To begin with, having all the characters speak English feels like an almost mocking choice. It takes you out of the scenes because this is supposed to be a serious movie and they are so obviously not speaking the right language. It’s one thing for an Indiana Jones movie to have accents but an epic masterpiece like The Last Emperor? Not so much. I guess you could make the argument it is in the traditions of old school epics like The Ten Commandments but those movies had stronger narratives to make up for the cultural awkwardness.
Speaking of story, it boggles my mind that The Last Emperor won Best Adapted Screenplay because the narrative is very weak. We see many events happen to Puyi but I never felt sorry for him or invested in his character. For most of the movie he came across as a spoiled brat without much nuance or introspection. Towards the end he grows as a person as he is incarcerated by the communists, but I still felt distant and like I never truly understood him. We are told Puyi is the “loneliest boy on earth” but he just felt like the blandest.
Some of the side characters are more interesting like his main wife Wanrong. She kind of has a lesbian relationship yet does seem to love Puyi and want him to succeed, which could have been interesting but it isn’t really explored in a satisfactory way. She’s a lonely character and I wish we got to know her better and have more time with her. Peter O’Toole is good as Puyi’s British tutor Reginald Johnston. He both kowtows and challenges the Chinese royal establishment, but even he could have been used more effectively and challenged more as a character.
The frustrating thing is I can tell Puyi’s story is fascinating having gone from opulence to a puppet emperor to a prisoner and a common man all in one life. But the screenplay in The Last Emperor delivers that compelling story without any tension or emotional heft. It all landed like a thud and was really quite boring. I didn’t care about his character and the interesting parts were more like reading a textbook than watching a compelling narrative. It needed a Steven Spielberg type voice to come in with sweeping moments of drama and tension to sell the soapy dialogue and characters. That might have worked better.

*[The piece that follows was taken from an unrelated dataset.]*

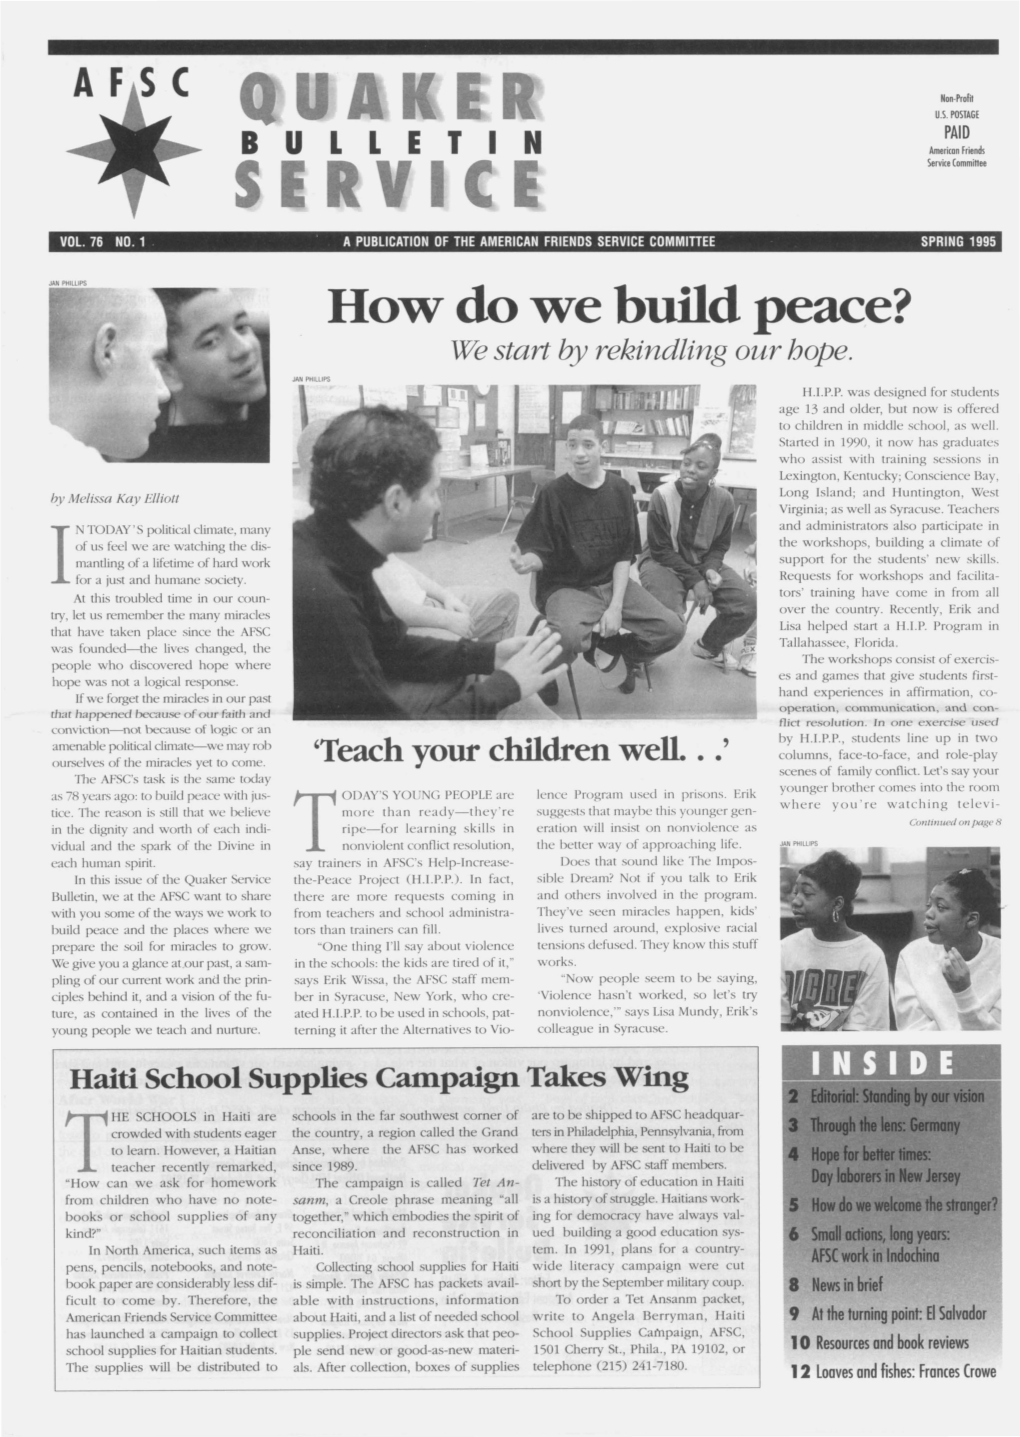 SPRING 1995 JAN PHILLIPS How Do We Build Peace? We Start by Rekindling Our Hope

I kind of wish they would remake The Last Emperor. I don’t think many are too attached to this version and there is a good story in there to tell. A modern filmmaker could have all the good qualities of this film but make it in Mandarin with a better, more compelling script and it could be an amazing film.
I can see why other people like The Last Emperor, and I do commend it for its production design, costumes, cinematography and music but it didn’t work for me as a movie. It was bland, culturally awkward and plodding. I’m glad I checked it off my blind spot list but it is definitely one I will never watch again.